I'm replying to this wikipedia-l post in wikitech-l, it's more relevant here.
Brion Vibber wrote:
I'd been waiting on Tim's in-progress code to compare. Apparently there's not really anything much of that left (his work mostly transmogrified into the templatelinks temple) so I'm poking at Magnus's code now.
Salvatore's moderation feature was implemented in a similar way to Magnus' one, in that it used an extra revision ID field in the page table to point to the relevant version. Salvatore's used parameters passed back to Revision to determine whether page_latest or page_verified should be used, whereas Magnus's code operated mainly at the UI level, redirecting to a page with an oldid parameter, IIRC.
Neither of them had the structure required for efficient caching, that is, page/tag retrieval instead of page/revision retrieval. The basic problem is that tugela, which we are now using instead of memcached, has no efficient means for identifying and purging expired keys. In fact at the moment, this garbage collection is not done at all. To limit the growth of the cache under these circumstances, it's better to index the parser cache by page and tag, rather than page and revision ID. I thought that the best way to implement a tag concept, to merge Magnus's and Salvatore's features while minimising MySQL index space, would be to put the tag information in its own table.
Then there's the problem of template and link colour changes. I posted to wikitech-l about that before. Magnus's suggestion of storing the wikitext with the templates expanded at save time is a quite reasonable solution.
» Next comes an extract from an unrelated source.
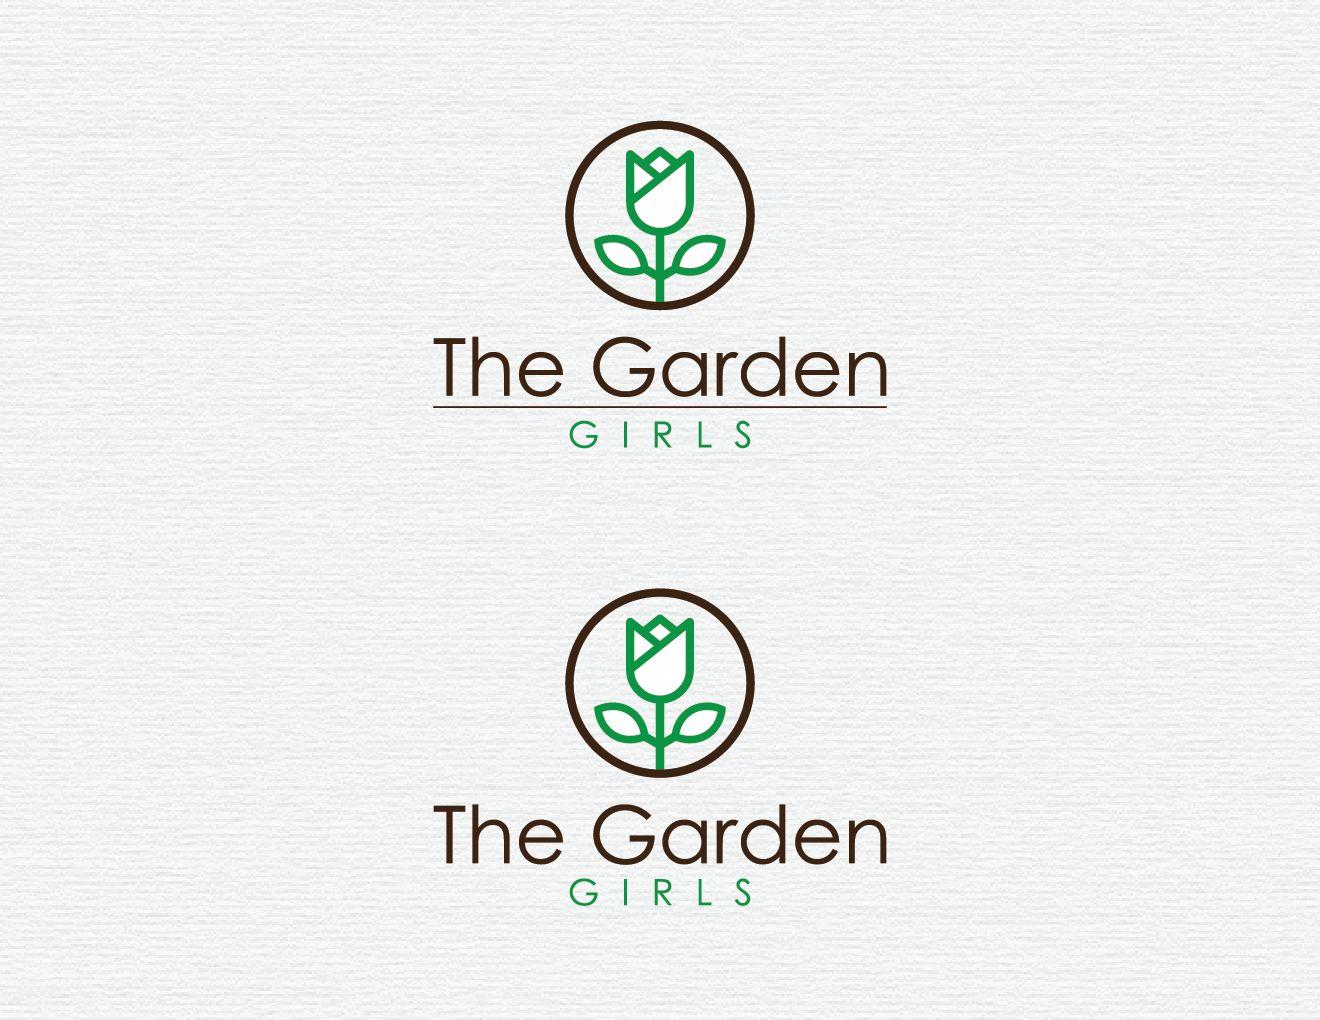 Gardener Logo - Elegant, Modern, Gardener Logo Design for The Garden Girls with

I stopped working on Salvatore's moderation feature when Brion implemented the semi-protection proposal put forward by the English Wikipedia. It was quite redundant -- Salvatore's feature was a form of semi-protection, a more complicated one than the one that the Wikipedians were supporting. I was even working on integrating it into the protection UI when Brion rewrote that part of the code. At that stage I still hadn't addressed the caching issue. So I salvaged what I could of my code branch (mostly the templatelinks table), and abandoned the feature. I wasn't interested enough in the stable version feature to keep working on the backend.
Perhaps the simplest solution at the moment is to put Magnus's feature live (after the necessary code cleanup), and put up with the lack of caching for a while. We've still got a bit of spare hardware capacity haven't we? The request rate for stable versions should be lower than it would have been for verified revisions. If I understand it correctly, stable revisions are not displayed by default, verified revisions would have been.
-- Tim Starling
Neither of them had the structure required for efficient caching, that is, page/tag retrieval instead of page/revision retrieval. The basic problem is that tugela, which we are now using instead of memcached, has no efficient means for identifying and purging expired keys. In fact at the moment, this garbage collection is not done at all.
It is actually done. I've purged already tugela caches because of some weird behavior when more than several gigabytes of cache are used. I'm wondering whether to return back to memcached or have some tugela improvements. We do not need gazilibytes of cache at the moment, and at 27GB or so we already have really high rates of hits.
It could be quite feasible to maintain a time index inside tugela and use it for some fifo purging. The main important thing now for site performance is to have good response times in all tiers.
BR, Domas
Tim Starling wrote:
Salvatore's moderation feature was implemented in a similar way to Magnus' one, in that it used an extra revision ID field in the page table to point to the relevant version. Salvatore's used parameters passed back to Revision to determine whether page_latest or page_verified should be used, whereas Magnus's code operated mainly at the UI level, redirecting to a page with an oldid parameter, IIRC.
My current implementation does the template expansion at the moment of setting the current version, and stores that text in its own database table. It then checks if the requested version is a stable one, and replaces the article text with the stored text.
Note that this is not the fastest way to do it, but it allows for * multiple stable versions (deactivated by default, allowing only one stable version per article) * other types of "stablilty", like stable, reviewed, thoroughly reviewed, really really reviewed, etc. :-) Both these properties were requested at some time.
Perhaps the simplest solution at the moment is to put Magnus's feature live (after the necessary code cleanup), and put up with the lack of caching for a while. We've still got a bit of spare hardware capacity haven't we? The request rate for stable versions should be lower than it would have been for verified revisions. If I understand it correctly, stable revisions are not displayed by default, verified revisions would have been.
After some hints from Brion yesterday, I changed a few things. There's probably lots more, though. :-) Brion also reported a strange effect on next/prev version links; I see that too, but it doesn't change when I turn the extension off, so the effect might not be related to the feature.
A few nice things are also still missing, like marking the stable version in the page history. Also, maybe the text should display in the sidebar instead of the sitenotice space. But the core functionality is there.
Magnus
Hi Tim, Hi Domas, Hi Magnus,
Thanks for your response about the stable version feature. How about first activating it in the German Wikipedia only to get some real life tests? Like any new feature it's not fully clear how it will be used in the community. In the German Wikipedia at least there is a strong need and a direction because of WP1.0. Categories had not been perfect from the beginning neither.